We never have enough blackberries...

... fer a blackberry cobbler...

... Uncle Ferd eats `em...

... as he picks `em.


----------



## ABikerSailor (Aug 18, 2018)

koshergrl said:


> Is in the oven.
> I'm trying to eschew sugar and flour. It sucks that I'm a good cook and there are berries in the back yard
> 
> 
> ...



You know, yesterday I was watching Hack My Life on TruTv, and one of the things they showed a hack for was gluten free flour.  Seems that all you have to do is take some Quaker Oats, or any other kind of rolled oats, put them in a blender, and blend for a min. or two.  Turns out, it makes a pretty decent gluten free flour that isn't bleached white.

And.................instead of using refined white sugar, why not use brown sugar instead?


----------



## Pogo (Aug 18, 2018)

JustAnotherNut said:


> koshergrl said:
> 
> 
> > Is in the oven.
> ...



"The south"  

I'm sicka blackberries.  Absolutely surrounded with 'em. I'm gonna keep planting raspberries and cutting the BBs back.


----------



## JustAnotherNut (Aug 18, 2018)

Pogo said:


> JustAnotherNut said:
> 
> 
> > koshergrl said:
> ...



Since I'm in Washington and she is in Oregon.....yeah she's south of me. I didn't mean the sticks like your kind of south. 
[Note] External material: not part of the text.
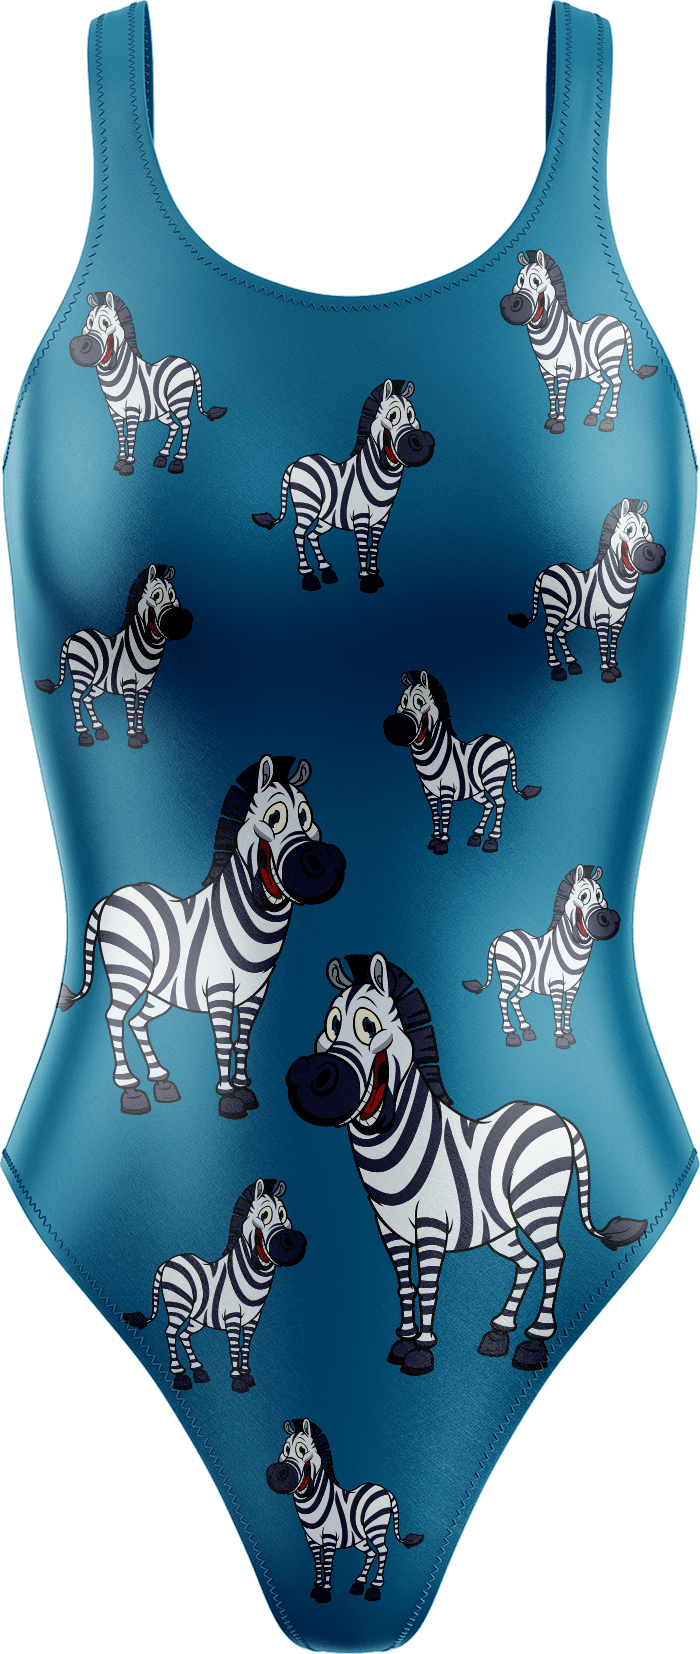 Ziva Zebra Swimsuits - fungear.com.au

Don't cut back the Blackberries, it only prunes them to come back in masse. Dig them up, all of them and all of the roots which can be extensive. They grow wild around here and once they've started, it's near impossible to get rid of them.


----------



## ABikerSailor (Aug 18, 2018)

Pogo said:


> JustAnotherNut said:
> 
> 
> > koshergrl said:
> ...



If you really want a treat, go up to Montana and find a huckleberry patch.


----------



## Pogo (Aug 18, 2018)

JustAnotherNut said:


> Pogo said:
> 
> 
> > JustAnotherNut said:
> ...



Yeah it's too late for that really.  All I can do is plunk some rasps down and keep the BBs from strangling them.


----------



## Pogo (Aug 18, 2018)

ABikerSailor said:


> Pogo said:
> 
> 
> > JustAnotherNut said:
> ...



Don't need Montana --- I've got 'em here.  Two secret locations.  Billions of 'em and they should be ready soon.


----------



## JustAnotherNut (Aug 18, 2018)

ABikerSailor said:


> Pogo said:
> 
> 
> > JustAnotherNut said:
> ...





Pogo said:


> ABikerSailor said:
> 
> 
> > Pogo said:
> ...



We have them here as well, but our season is already over. Our huckleberries around here are small red ones, while other places have dark bluish ones


----------



## ABikerSailor (Aug 18, 2018)

Pogo said:


> ABikerSailor said:
> 
> 
> > Pogo said:
> ...



Lucky bastard.  I haven't had huckleberry cobbler since I left Montana when I joined the Navy.  What would be the chances of you sending me some jam or syrup made from them?


----------



## Pogo (Aug 18, 2018)

JustAnotherNut said:


> ABikerSailor said:
> 
> 
> > Pogo said:
> ...



We just get the blue ones here.  Well I think there's red ones but I ignore them.  It should be just about time to go harvest a bunch.


----------



## Pogo (Aug 18, 2018)

ABikerSailor said:


> Pogo said:
> 
> 
> > ABikerSailor said:
> ...



Seeing as how I'm way too greedy, not good.  

I've never tried to jar them in a jam, maybe I should.  Usually I either bake 'em into muffins, work 'em into pancakes or sprinkle them into rice pudding.


----------



## JustAnotherNut (Aug 18, 2018)

Pogo said:


> JustAnotherNut said:
> 
> 
> > ABikerSailor said:
> ...



why do you ignore them??? They are good, tart & flavorful


----------



## ABikerSailor (Aug 18, 2018)

JustAnotherNut said:


> ABikerSailor said:
> 
> 
> > Pogo said:
> ...



Growing up, the only berries that I knew as huckleberries were dark blue.  If it was red, it wasn't a huckleberry, or maybe it was one that wasn't ripe yet.


----------



## ABikerSailor (Aug 18, 2018)

Pogo said:


> ABikerSailor said:
> 
> 
> > Pogo said:
> ...



Make syrup out of some of 'em, and it's great on pancakes and also vanilla ice cream.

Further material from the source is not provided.